> What you have to do:
Would you print the lines below exactly, beginning at the line that has "Президент Азербайджанской Республики" and stopping after the line that has "Reconoce OMA a"? Only those lines, and no pictures.

> Records supplied:
______________________________
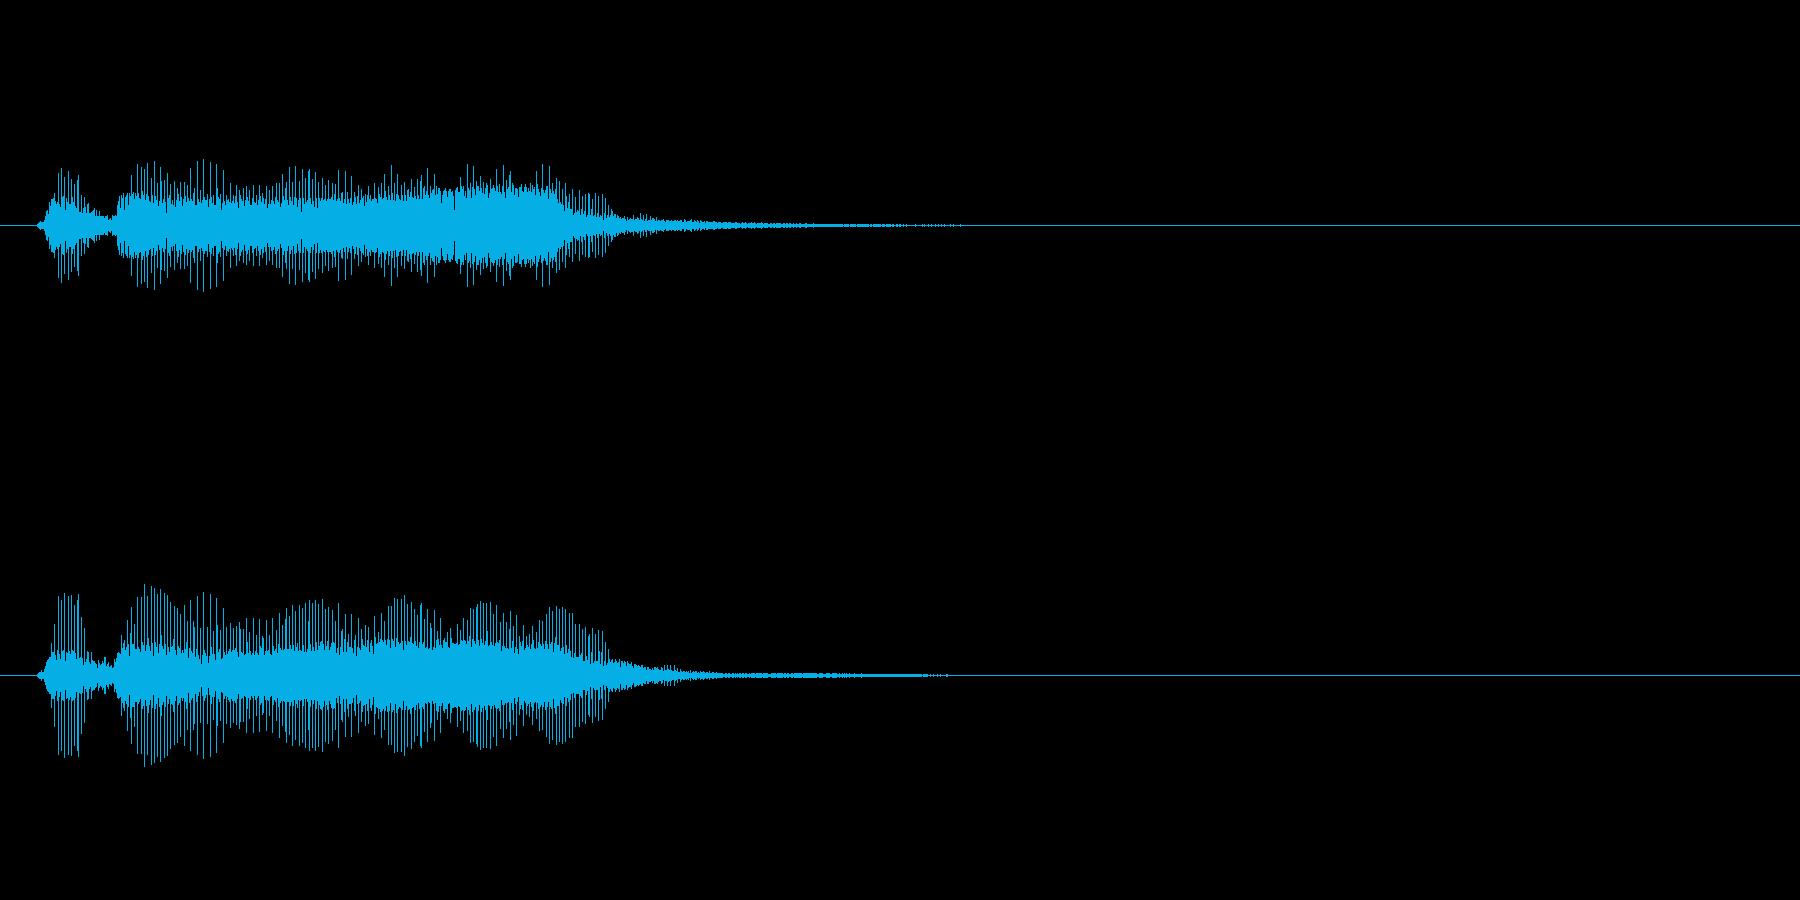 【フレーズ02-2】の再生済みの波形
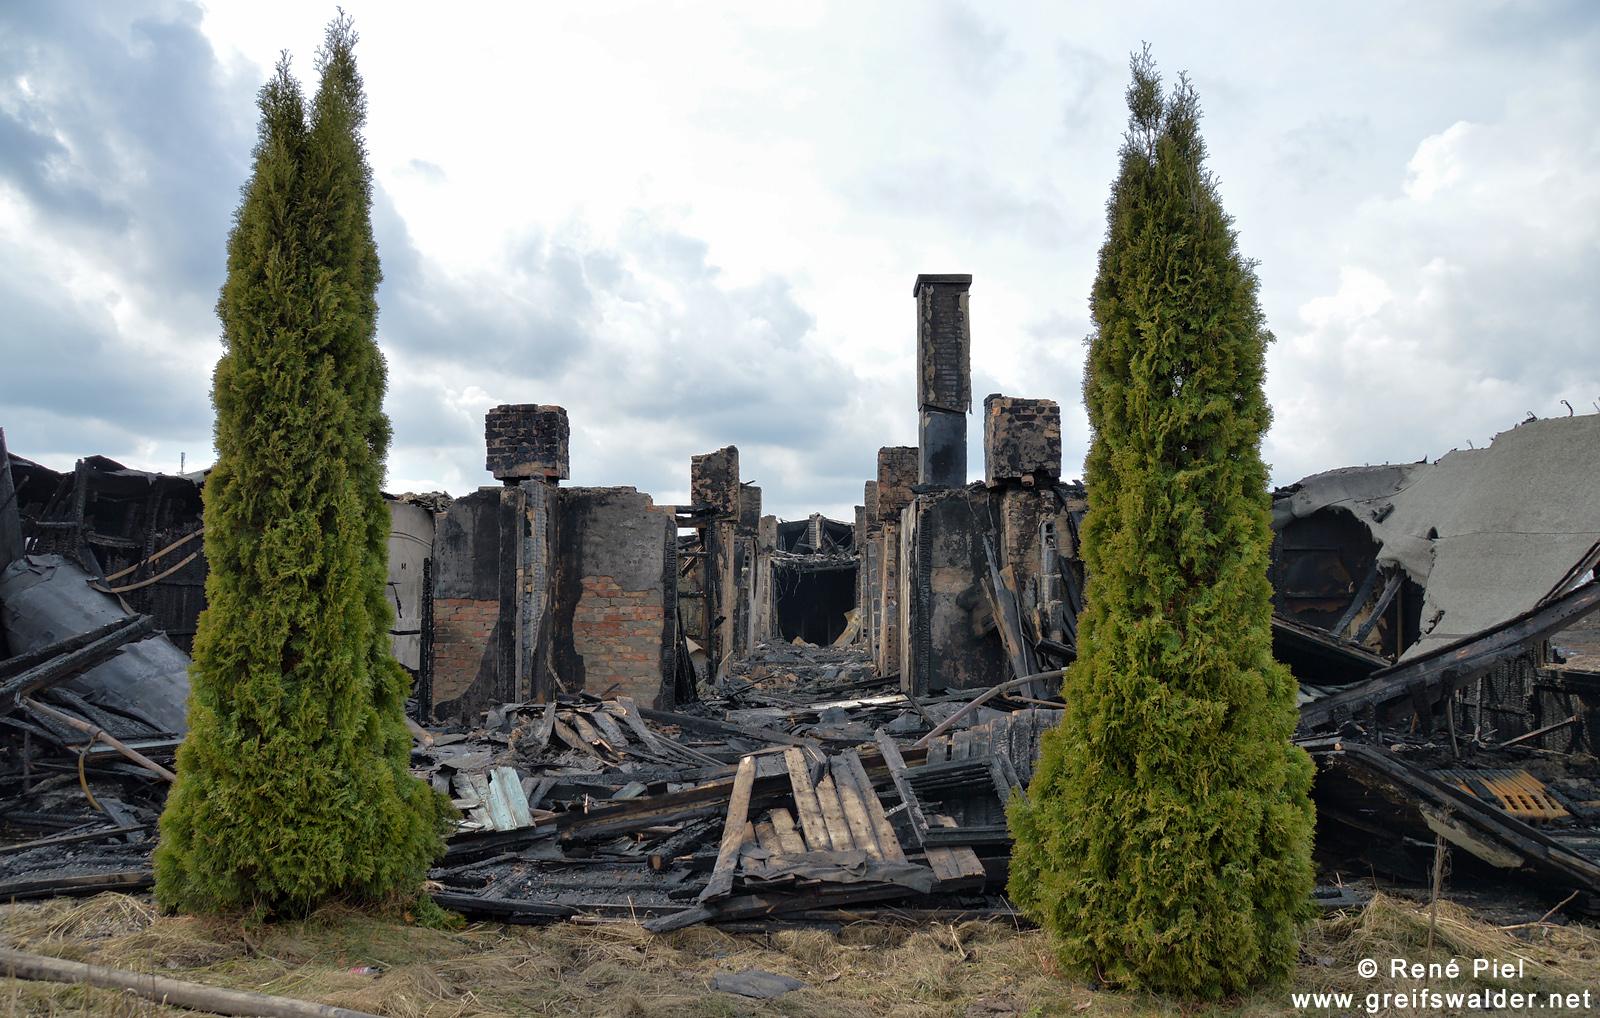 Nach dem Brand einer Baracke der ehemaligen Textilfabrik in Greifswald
______________________________
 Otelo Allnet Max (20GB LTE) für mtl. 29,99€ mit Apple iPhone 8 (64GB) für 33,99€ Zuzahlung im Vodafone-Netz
______________________________
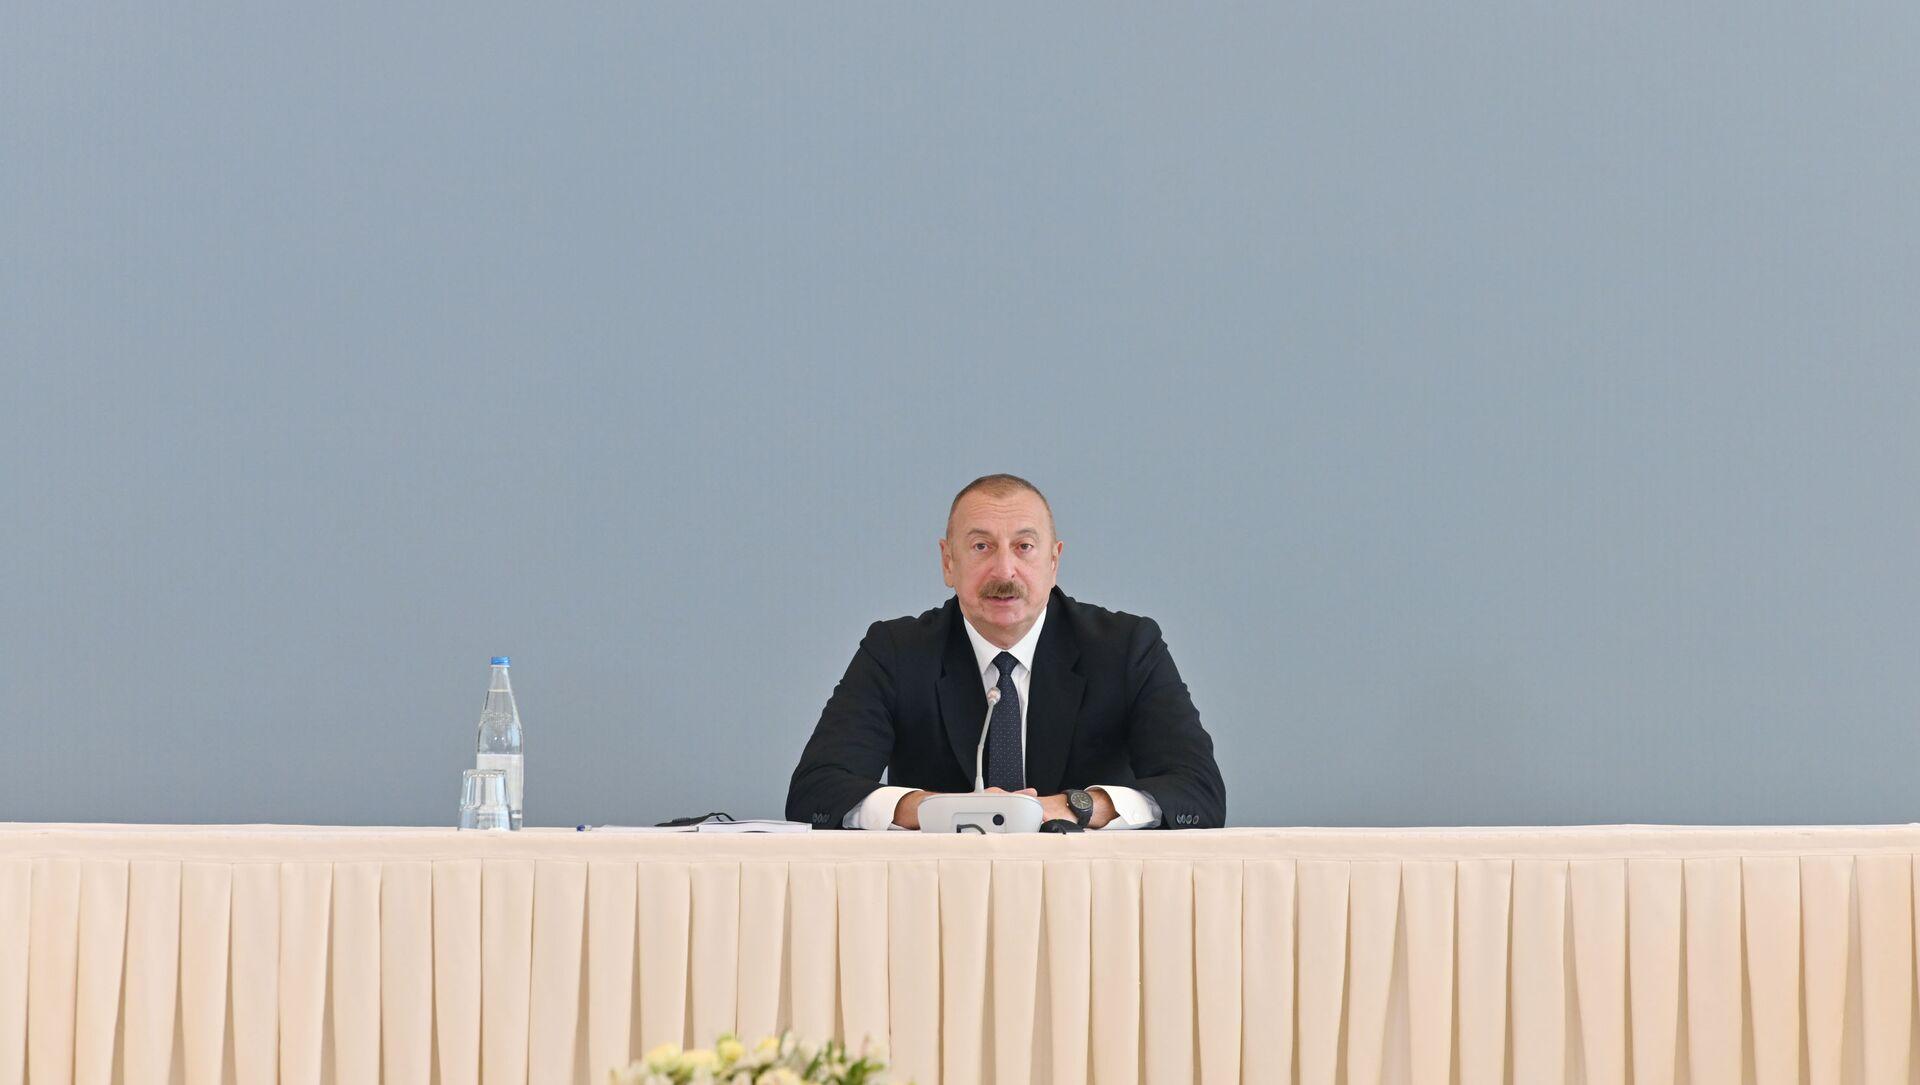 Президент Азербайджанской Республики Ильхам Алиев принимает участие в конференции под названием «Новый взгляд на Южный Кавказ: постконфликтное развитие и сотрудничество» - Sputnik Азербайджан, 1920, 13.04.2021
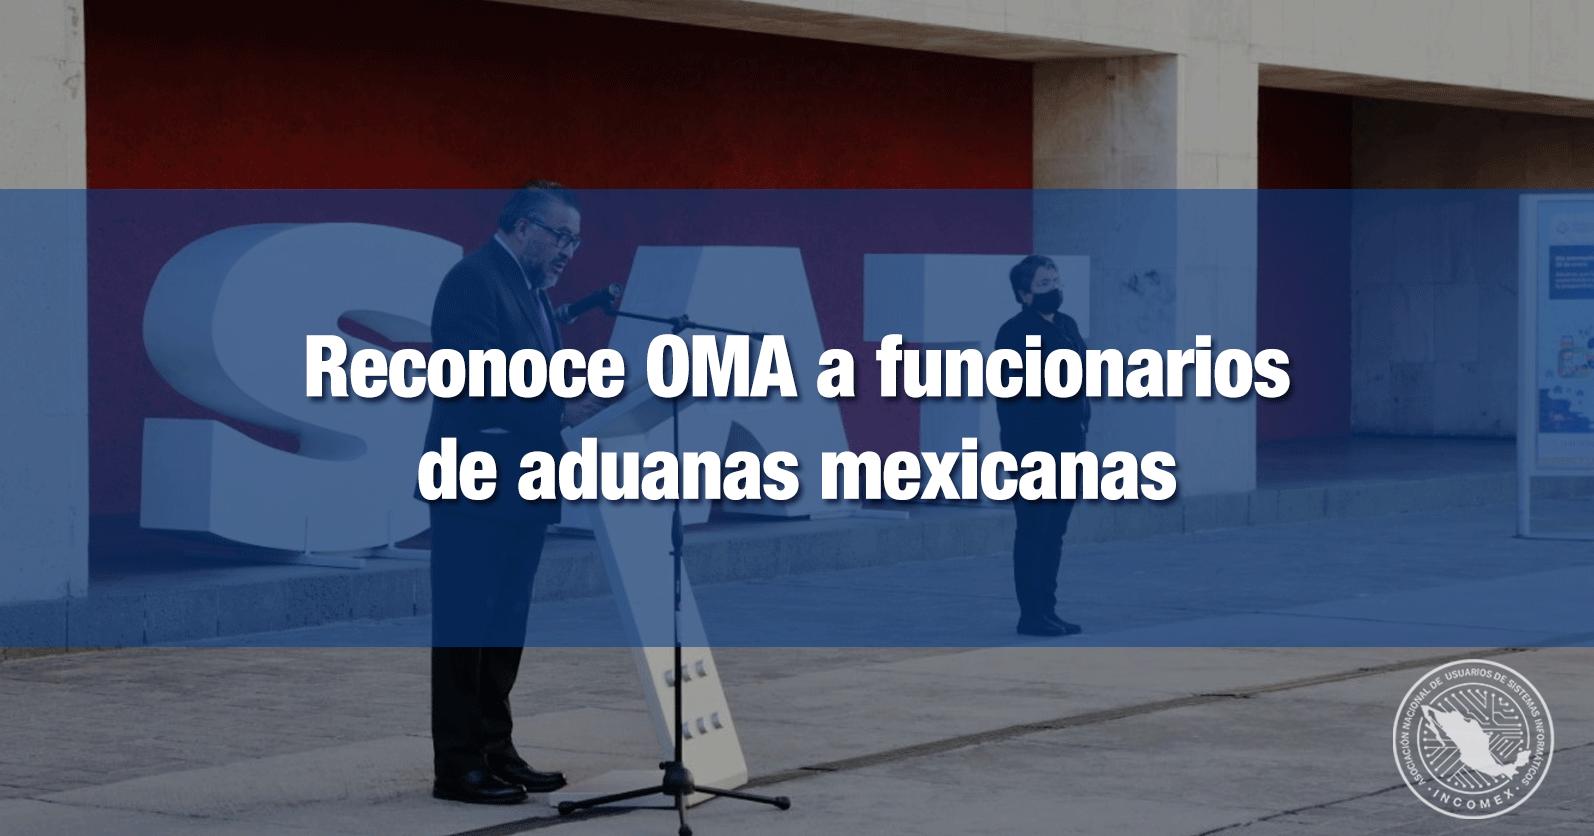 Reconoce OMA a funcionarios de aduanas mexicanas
______________________________
> Expected answer:
 Президент Азербайджанской Республики Ильхам Алиев принимает участие в конференции под названием «Новый взгляд на Южный Кавказ: постконфликтное развитие и сотрудничество» - Sputnik Азербайджан, 1920, 13.04.2021
 Reconoce OMA a funcionarios de aduanas mexicanas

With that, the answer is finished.